>>
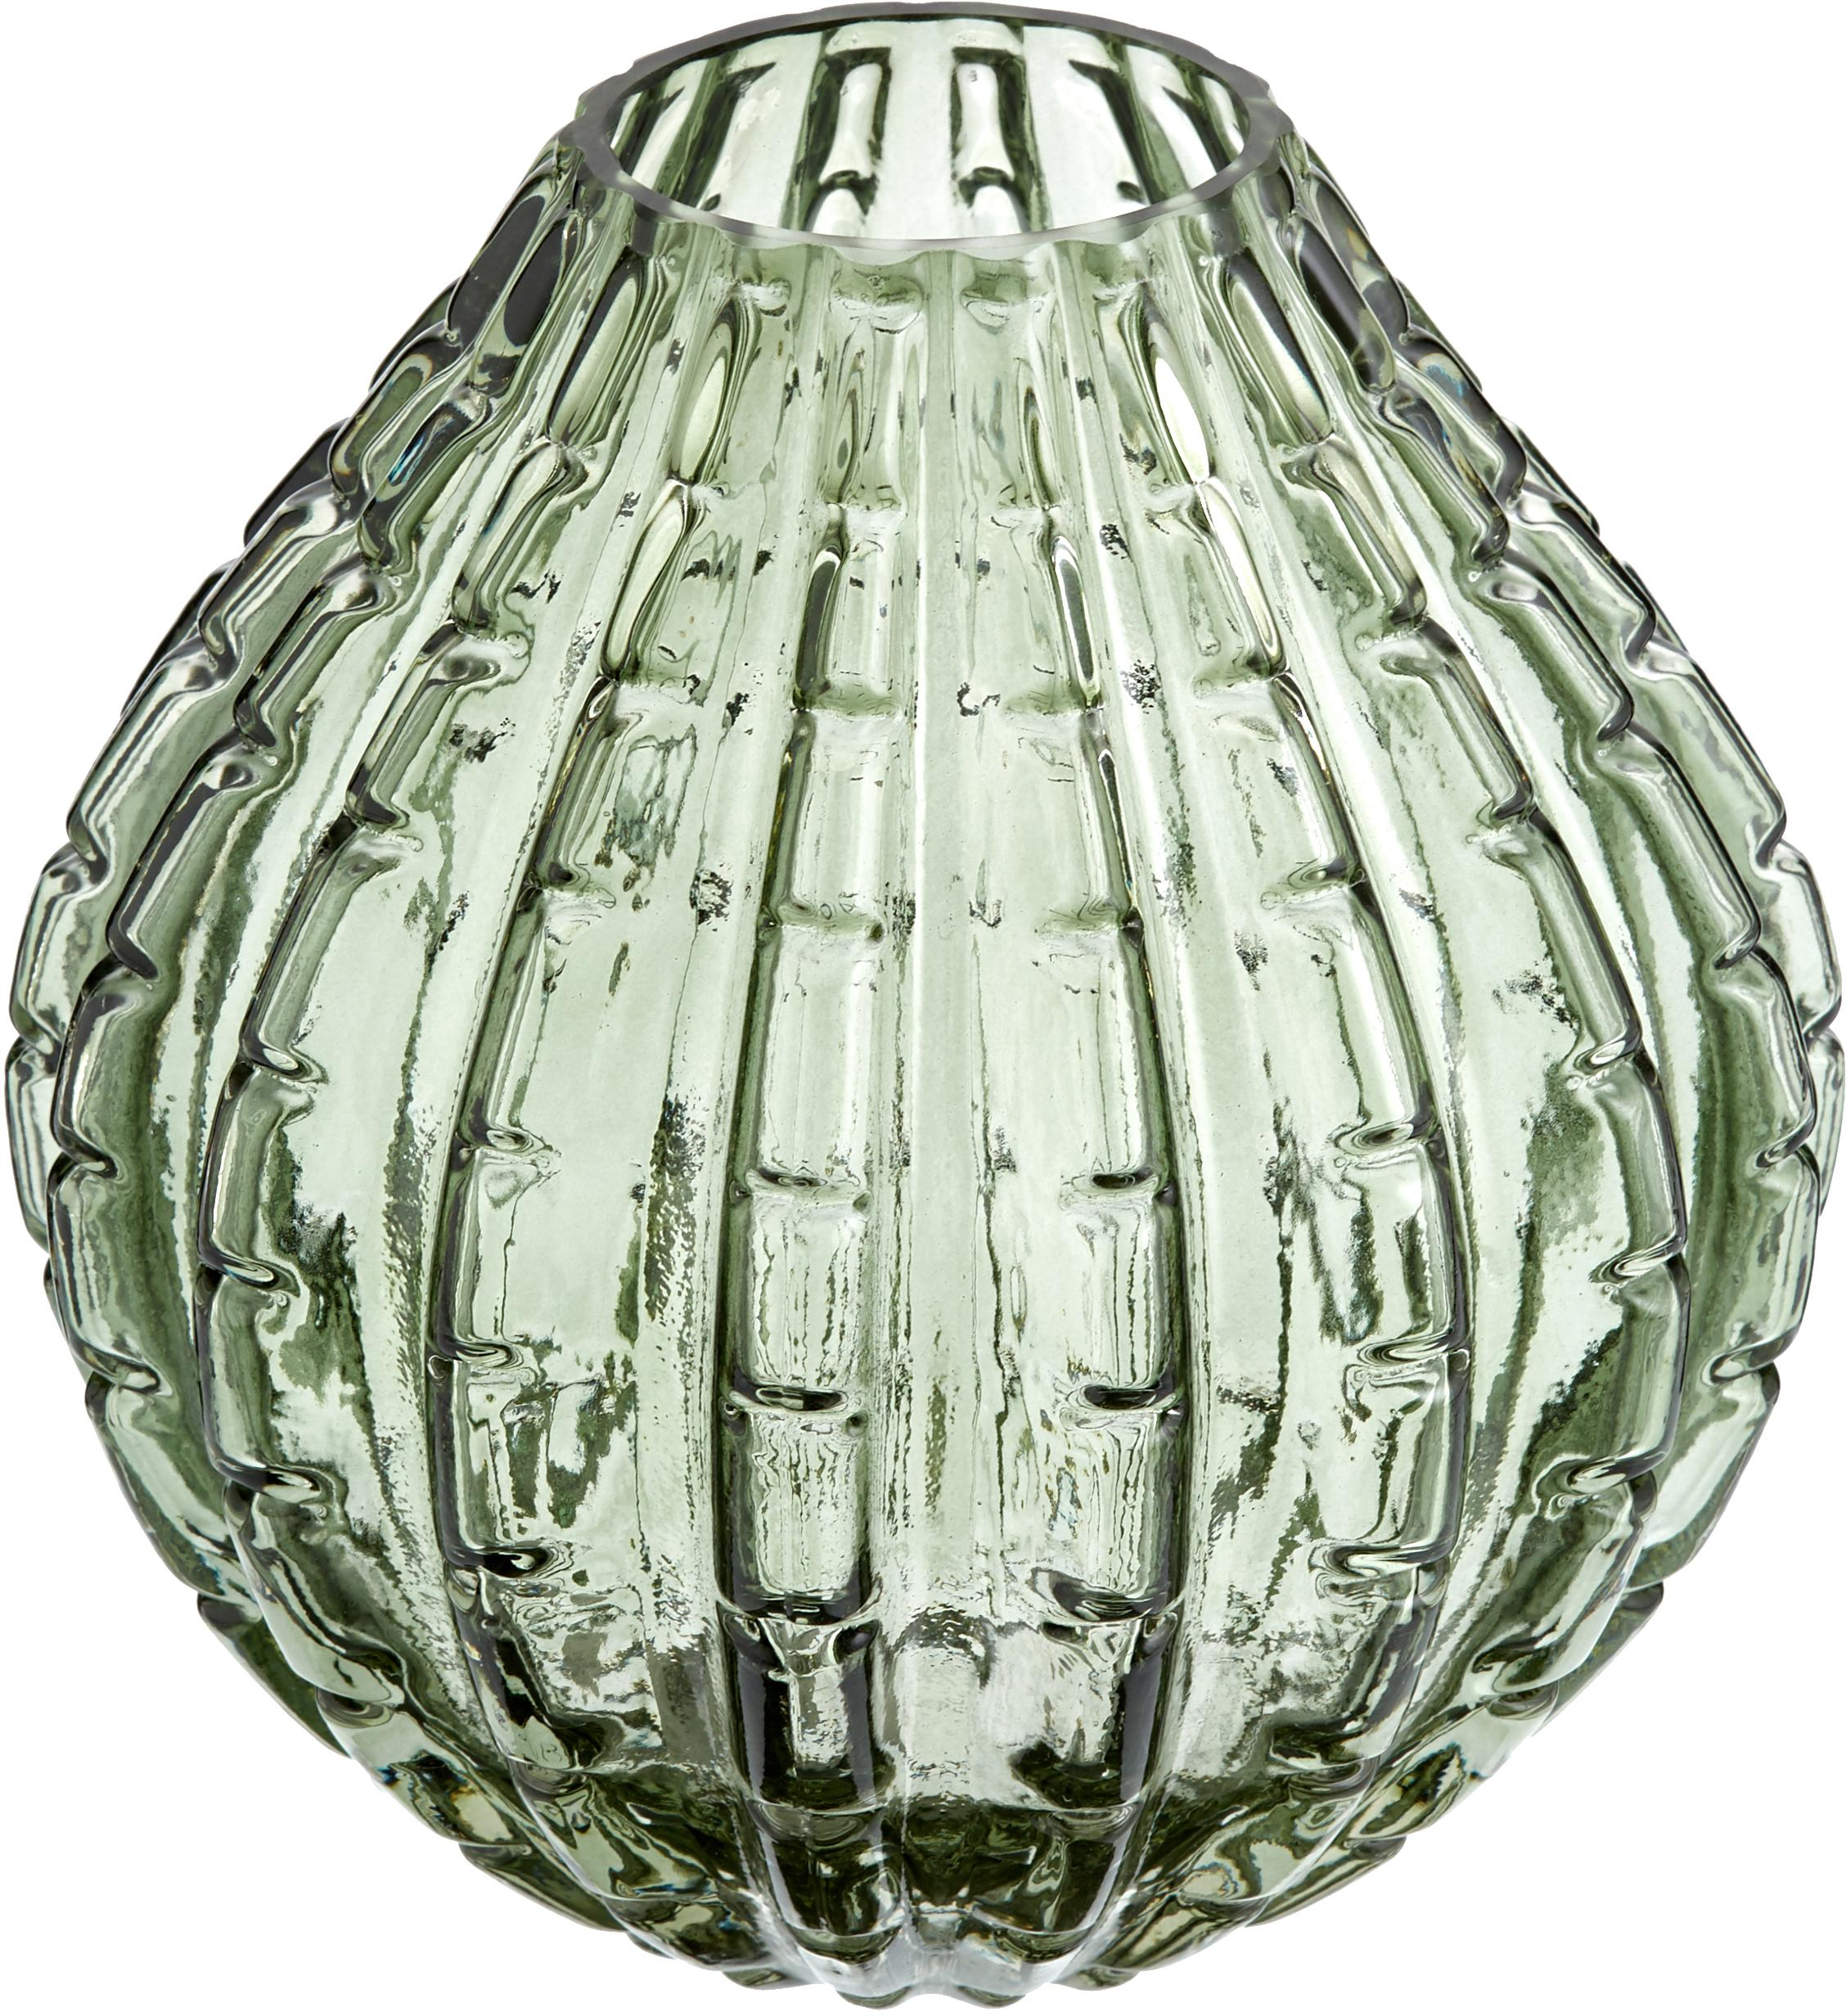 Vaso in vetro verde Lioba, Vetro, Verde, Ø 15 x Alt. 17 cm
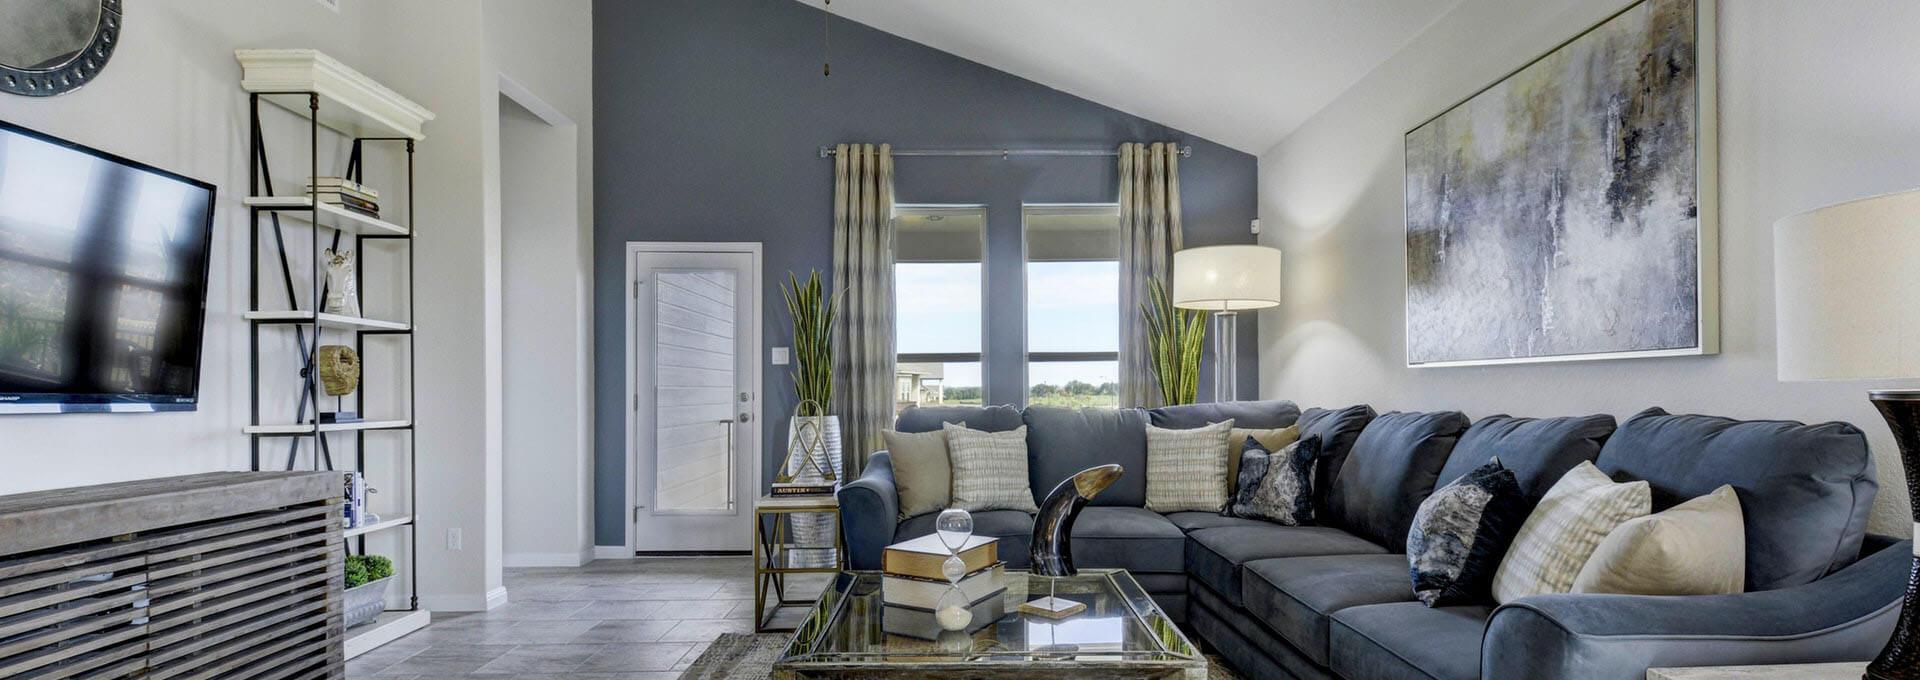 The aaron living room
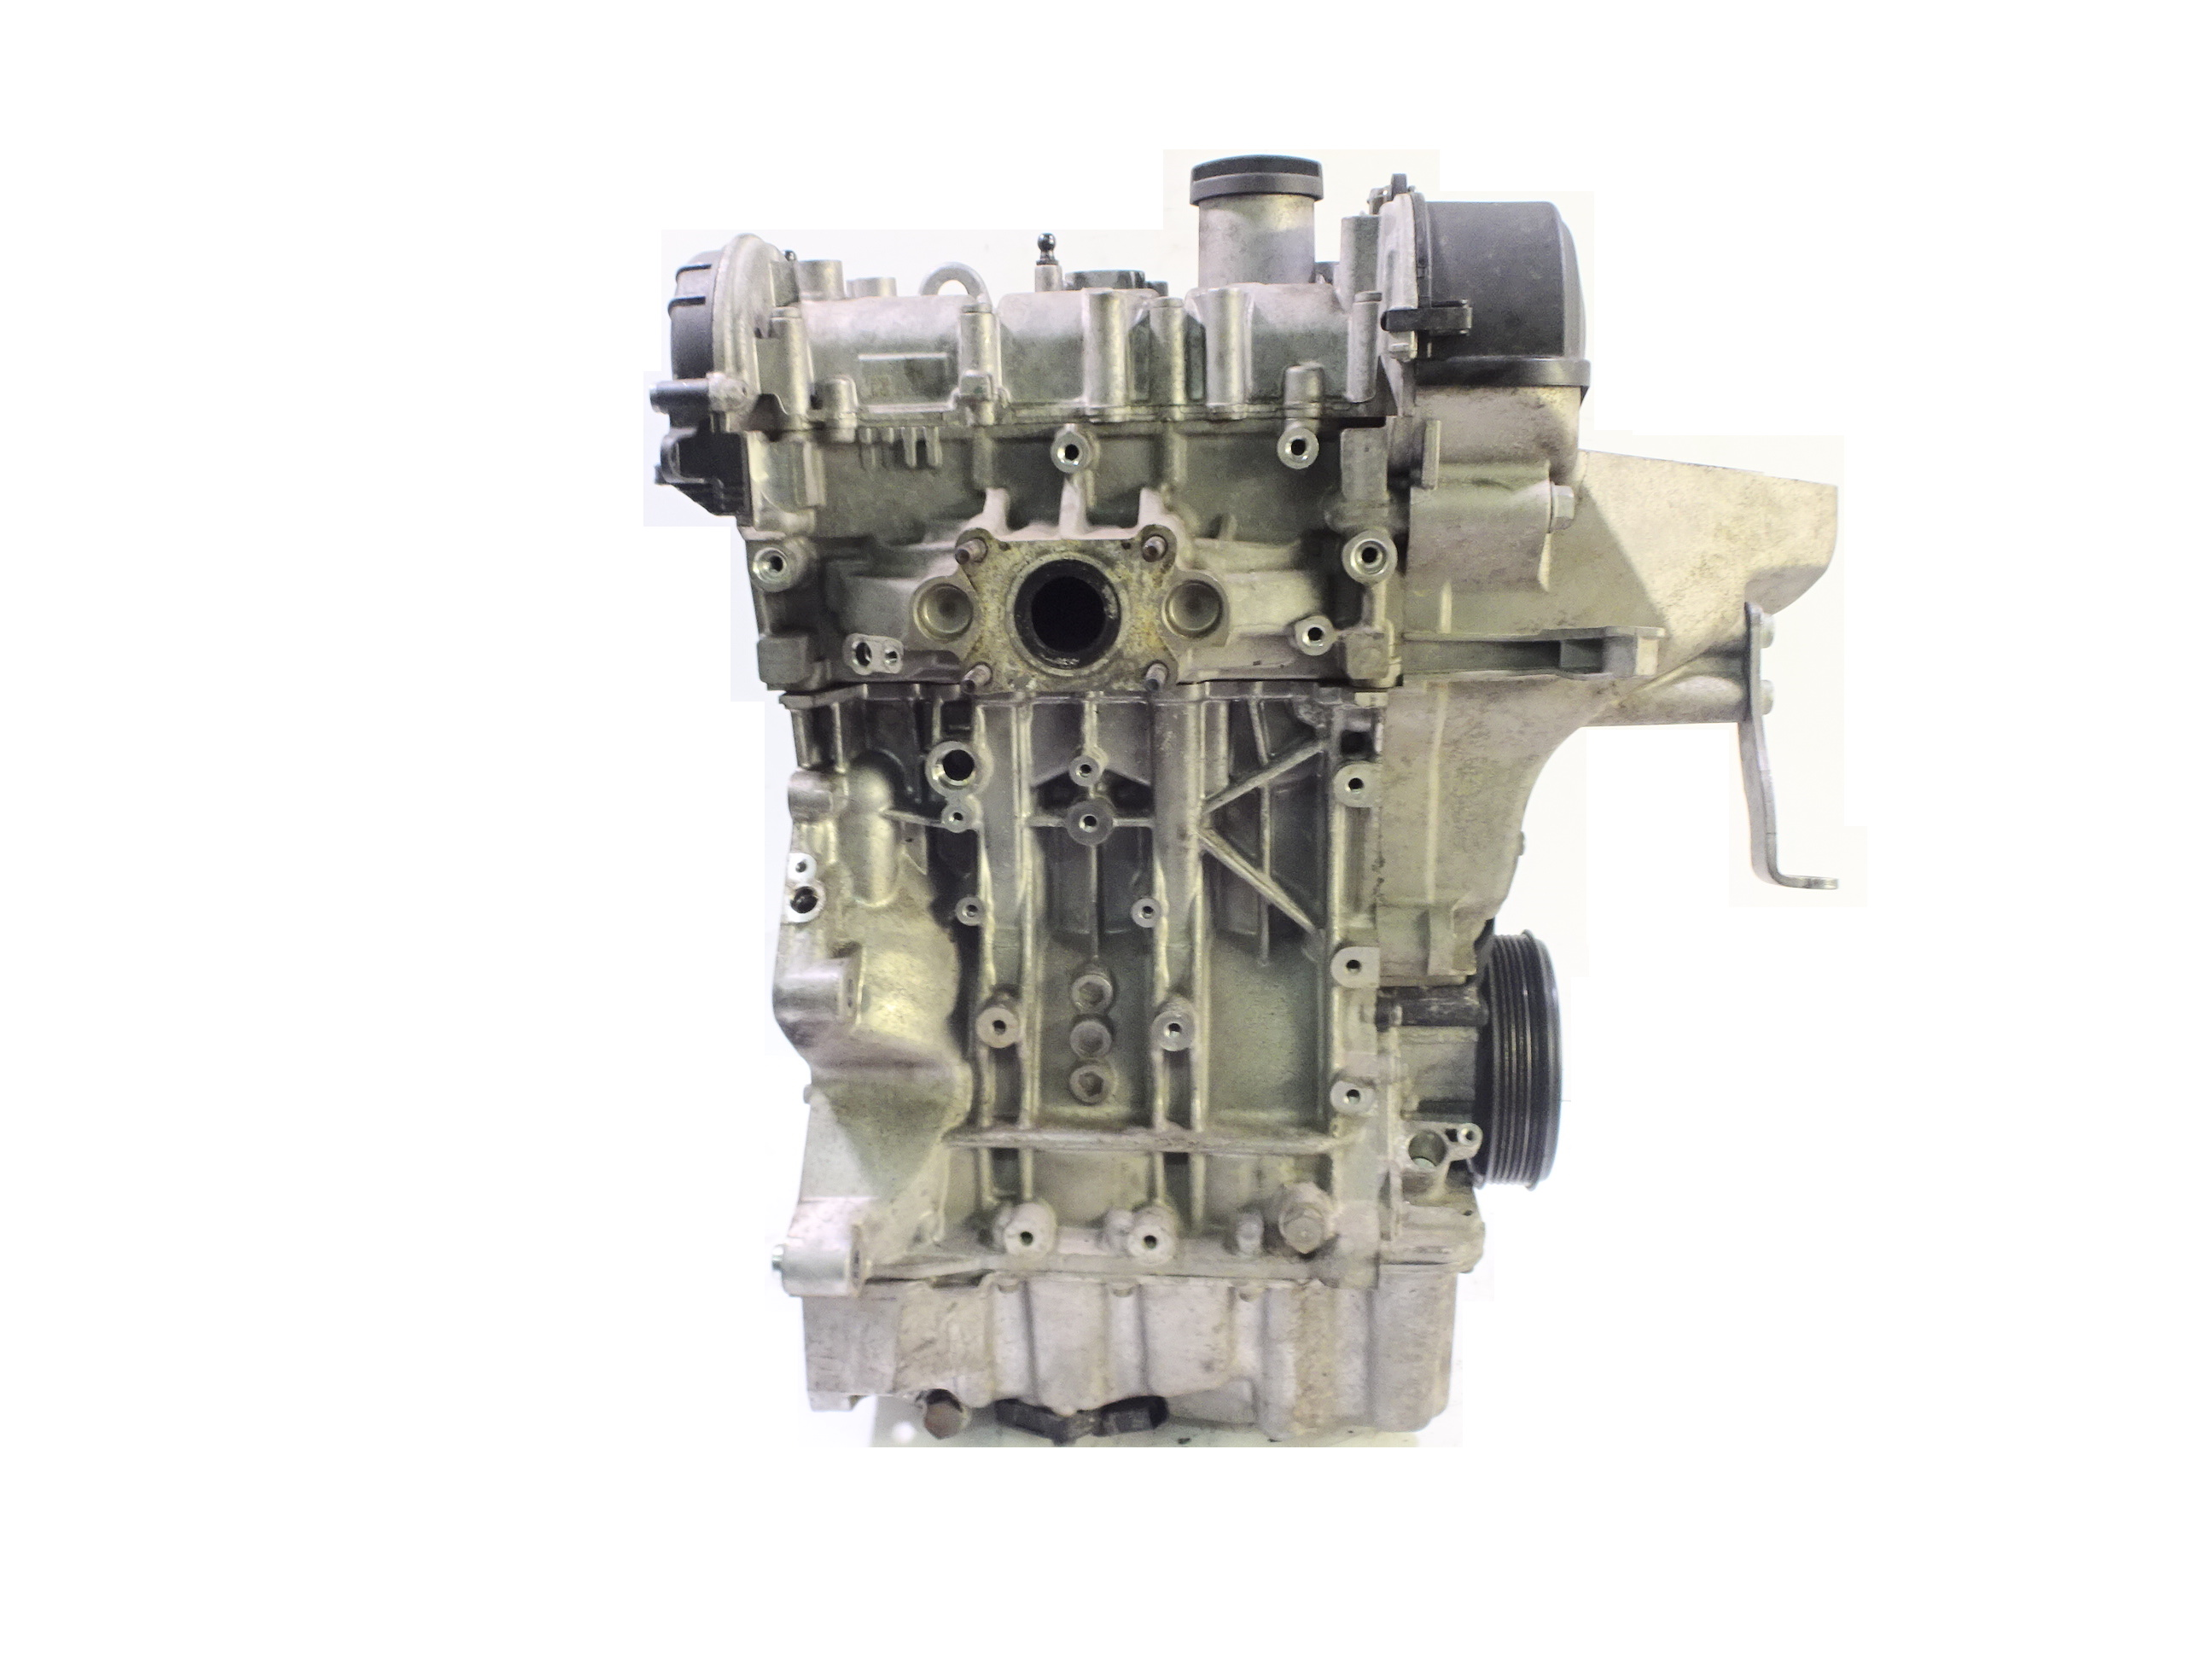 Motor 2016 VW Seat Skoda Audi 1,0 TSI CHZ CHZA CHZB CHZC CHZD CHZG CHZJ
<<
Copy the listing exactly but drop its images.

REPLY:
 Vaso in vetro verde Lioba, Vetro, Verde, Ø 15 x Alt. 17 cm
 The aaron living room
 Motor 2016 VW Seat Skoda Audi 1,0 TSI CHZ CHZA CHZB CHZC CHZD CHZG CHZJ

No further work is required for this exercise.